Review: Project Root

Posted by on July 1st, 2015 | 0 Comments | Tags: , ,

Project Root pretends to be something it’s not really capable of living up to. Its flashy, impressive look is enough to draw you in but when you notice that the developers have made no attempts to make the game last longer than one playthrough, and that overall gameplay barely passes “hold two buttons and strafe around a bit”, it just becomes the most average, barely enjoyable waste of time that I’ve played in a while.

It’s one of the most basic concepts in video games imaginable – one stick moves, one stick turns. Ground weapon for ground enemies on the left shoulder, air weapon for flying enemies on the right shoulder. Hit the square button for a big superweapon that barely adds to the excitement, as most of the superweapons are press button to kill everything on screen, or something that you sweep back and forward to kill everything on screen. And that’s basically it. Your normal weapons have no recharge time or charge shot available so there’s zero penalty to just holding down the two fire buttons constantly. Since the enemy AI is dumb enough to basically strafe and not shoot where you’re going to be, you’re fine strafing in either horizontal direction and just pointing at stuff until it dies. Repeat process ad nauseum until the level ends.

Well that’s not entirely true. Every level has a series of objectives, both main and sub, that you have to and can optionally do.
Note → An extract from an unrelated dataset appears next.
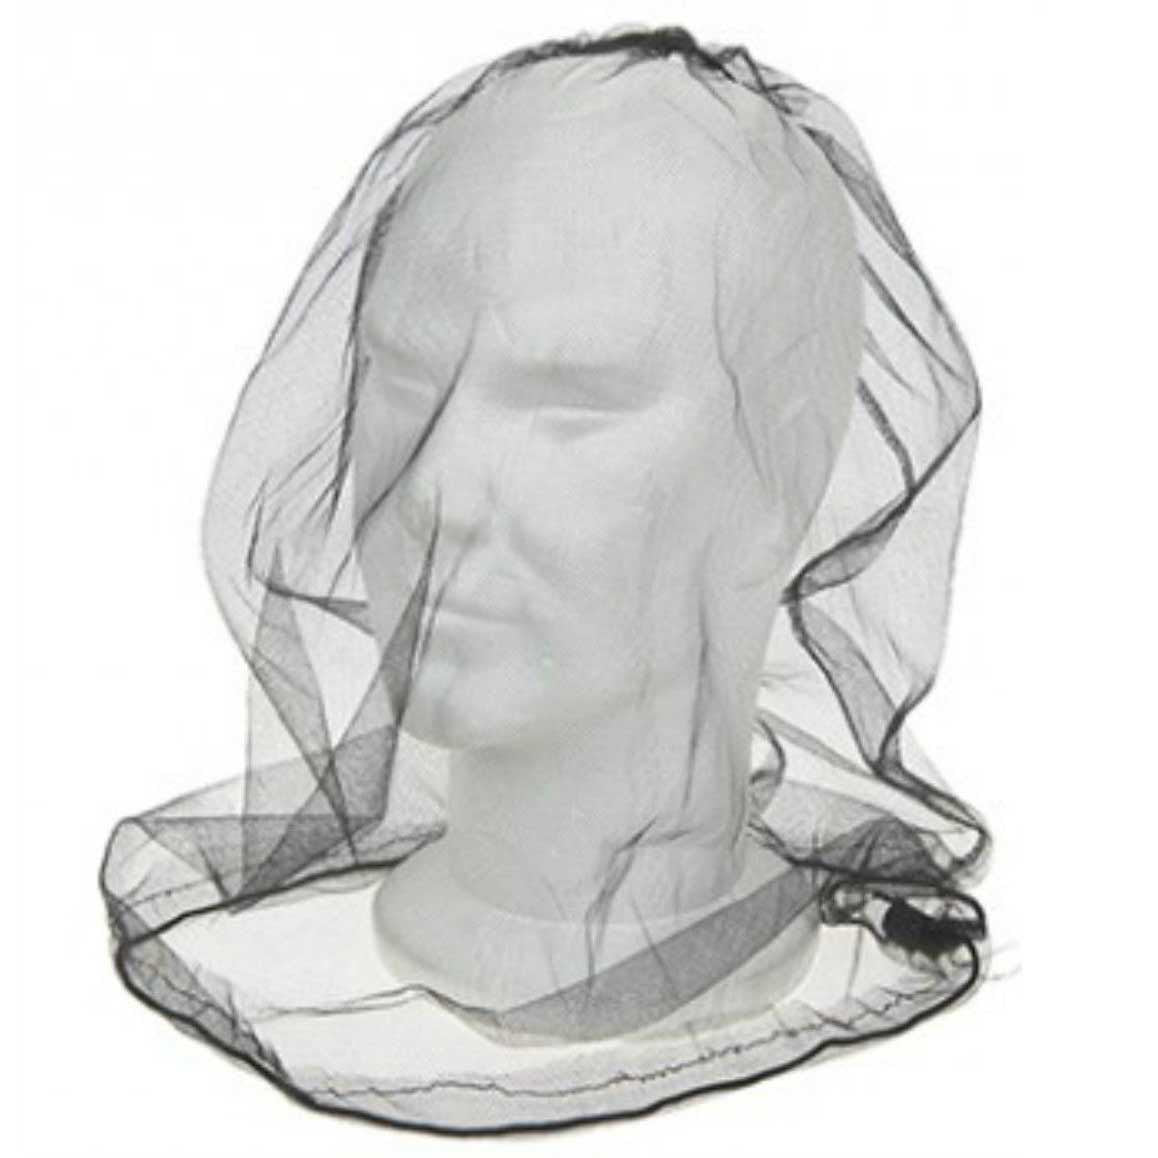 Protective Mosquito Mesh Head Net For Travel And Camping
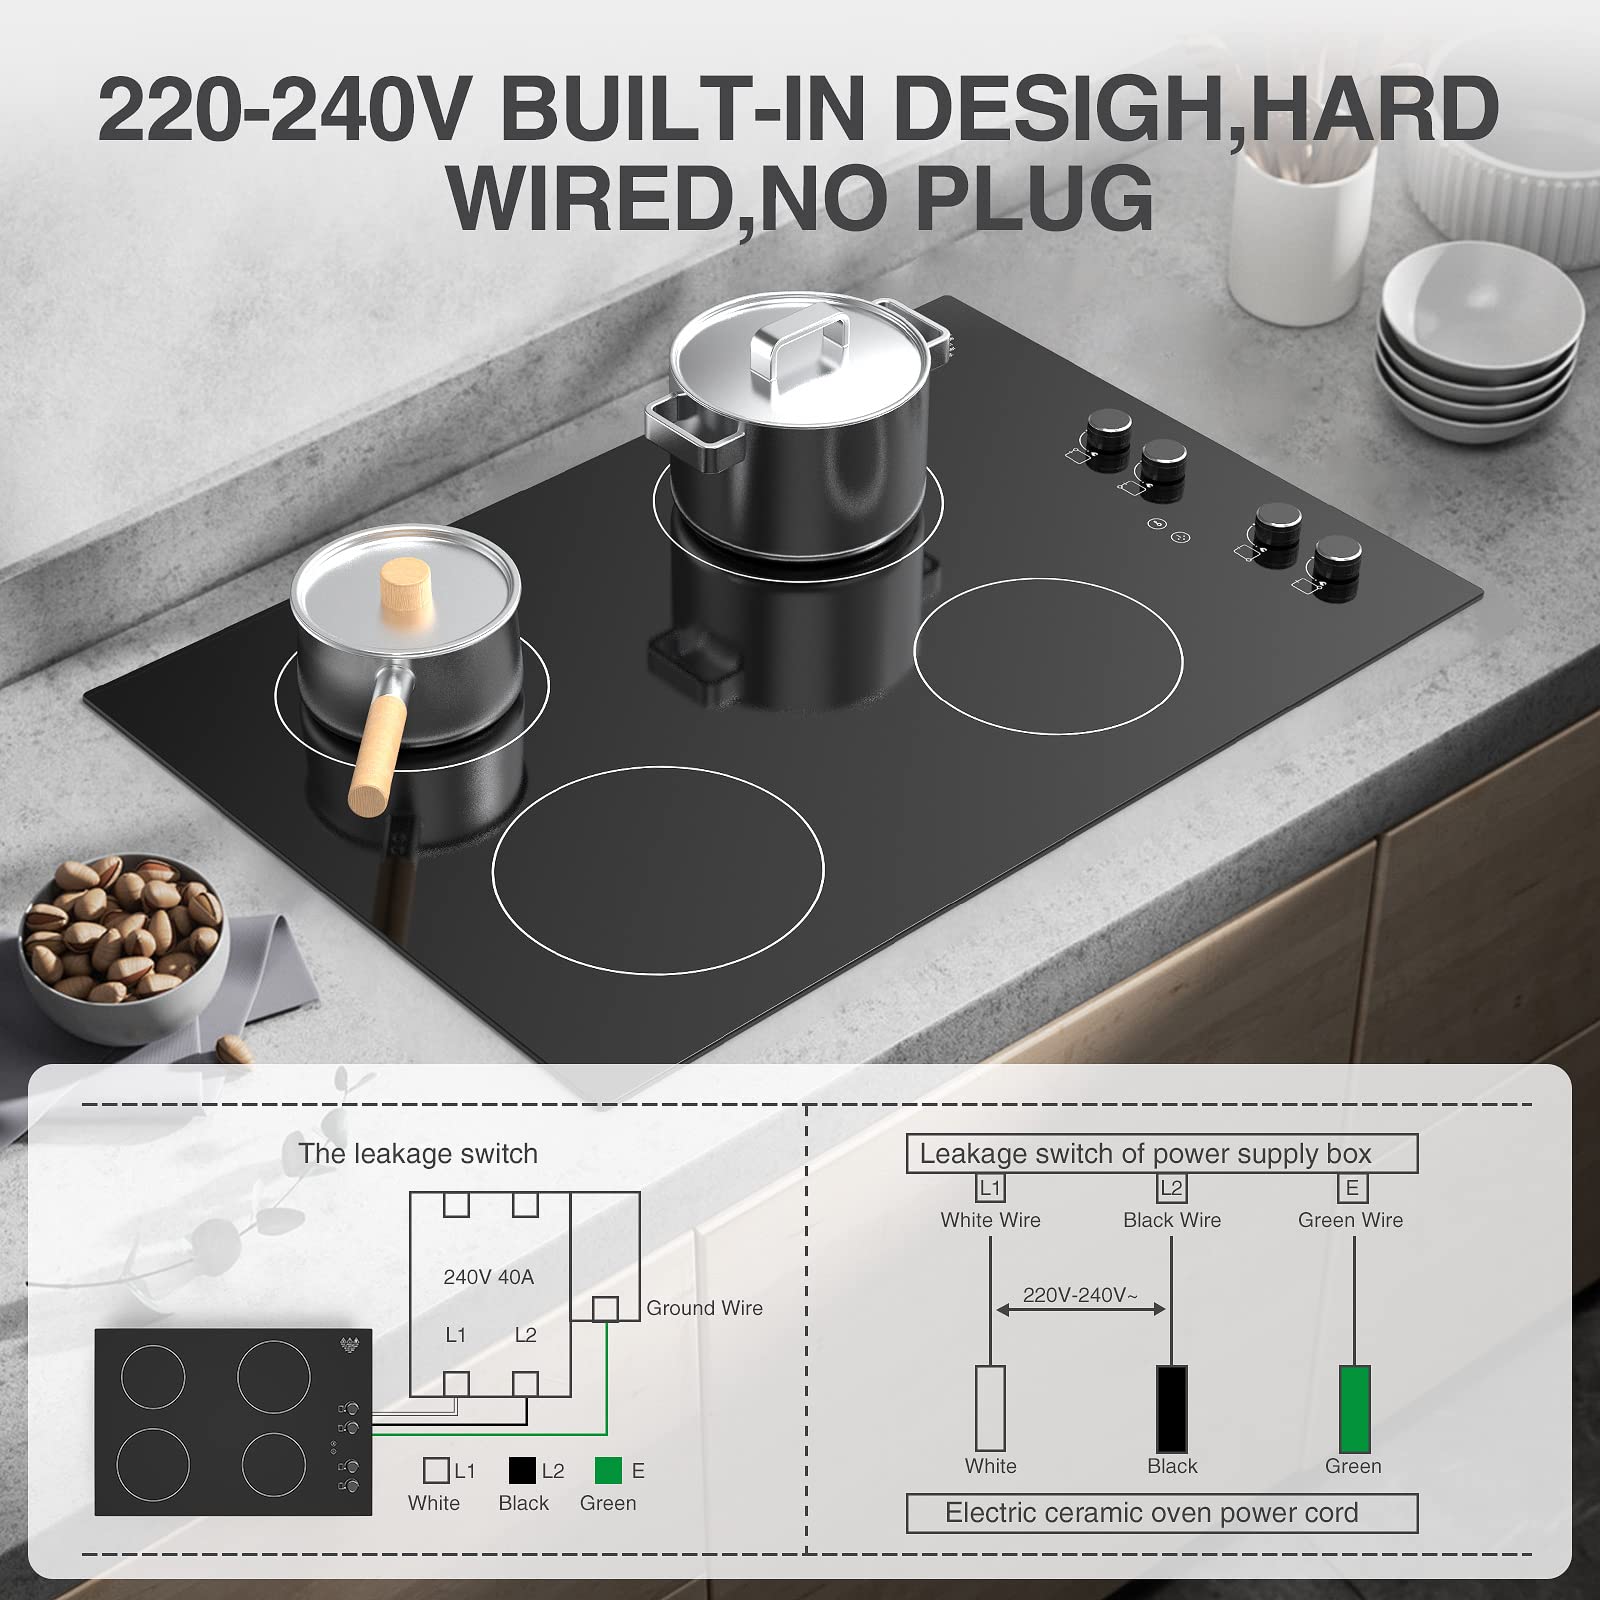 Induction Cooktop 30 Inch, 6000W Electric Stove Top 4 Burners Induction Burner Countertop and Built-in POTFYA,220v-240v Knob Control,Ceramic Glass Surface, Suitable for Magnetic Pans

Almost every one of these results in “do something you would do ordinarily, a la blow up everything you see, just get a special prompt once you’ve done it.” Most of the time you’re directed there by a green arrow on your HUD, but when you’re not directed there you’ll often spend over ten minutes just looking around for the tiny thing you need to go and blow up or defend and it just makes me want to throw my Vita across the room. There’s no “big map” either, just a tiny minimap, so you might end up going around in circles for five minutes without even noticing. Sub objectives you simply have to stumble upon and you’ll be given the option to do them.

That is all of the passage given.